Receiver Operating Characteristic (ROC) and Precision-Recall Curves with Evaluation Metrics

Introduction
Interactive App

This interactive application is designed to help you explore and understand key evaluation metrics and visualizations for classification models, particularly in healthcare. By experimenting with parameters and thresholds, you can observe and gain understanding in how confusion matrices and derived metrics (such as sensitivity, specificity, F1-score) as well as ROC and Precision-Recall curves behave under varying conditions, providing deeper insight into model behavior and decision-making trade-offs.

Learning goals

Analyze confusion matrix–derived metrics, including sensitivity (recall), specificity, precision (positive predictive value), accuracy, and F1 score.
Explain the principles of Receiver Operating Characteristic (ROC) and Precision–Recall curves, and the Area Under the ROC Curve (AUC) and Area Under the Precision–Recall Curve (AUPRC) metrics.
Evaluate how decision thresholds and model factors such as class balance, sample size, or baseline discriminative ability affect evaluation metrics.
Compare the suitability of different measures, particularly ROC AUC and PR AUC, as performance indicators under varying conditions.

Instructions

Select the 'Interactive App' tab and review the evaluation results under the starting conditions.
Use the left panel to adjust the decision threshold and analyze how the metrics and the threshold point in the curves change.
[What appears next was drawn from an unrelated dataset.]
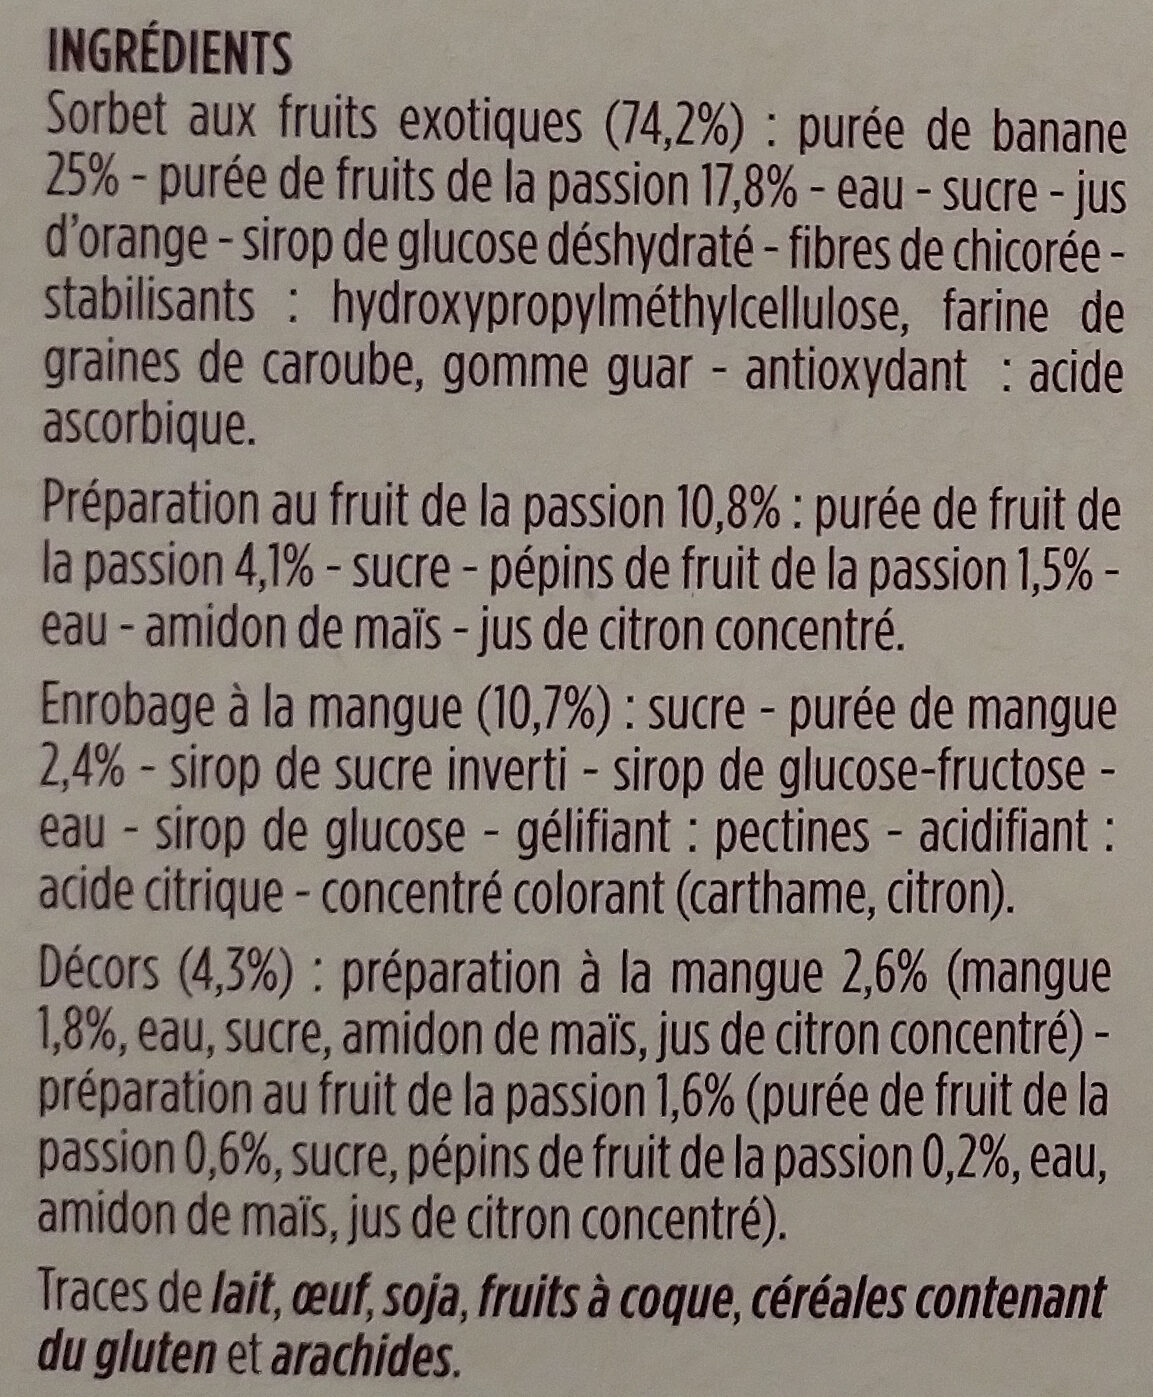 Buchettes glacees sorbet banane et fruit de la passion - Ingredients - fr

Compare the current threshold with Youden’s optimal point.
Use the left panel to modify class balance, sample size, and baseline discriminative ability individually (moving these sliders will regenerate the data), and analyze the effect first on the confusion matrix and then on the metrics and curves.
Try to simulate the behavior of a real screening test. Look for realistic performance values, consider class imbalance, and analyze the effects of varying parameters and decision thresholds.

Conclusions

While ROC curves remain largely unaffected by class imbalance as based on normalized rates (sensitivity and specificity), Precision–Recall curves can provide an informative picture in settings with imbalanced classes, such as screening tests. In these contexts, both specificity and the precision (PPV) are critical, since even a highly specific test may yield a low PPV when disease prevalence is low.
There is no single universally best threshold; the optimal cutoff depends on clinical context, such as the relative consequences of false negatives and false positives. For example, in cancer screening, sensitivity may be prioritized to avoid missing cases, whereas in confirmatory testing, specificity may be prioritized to reduce unnecessary follow-up procedures.
AUC and AUPRC values summarize overall model discrimination, but they do not indicate how a test performs at a specific threshold. In practice, threshold-dependent metrics such as sensitivity, specificity, PPV, and NPV are often more relevant for decision-making in clinical workflows.

Self-assessment questions

What does the Youden index represent in ROC analysis, and why might it be useful when choosing a threshold?
In what situations can AUPRC be more informative than ROC AUC in low-prevalence (rare disease) settings?
How does changing the decision threshold shift the balance between sensitivity (recall) and specificity?
When only one class present (class balance is set to 0 or 1), some metrics cannot be calculated. which evaluation metrics cannot be calculated, and why?
Why do ROC and PR curves appear jagged or unstable when the sample size is small?
Why can the Precision–Recall curve be non-monotonic, unlike the ROC curve?
When training an AI risk prediction model, what factors could improve or worsen its discriminative ability?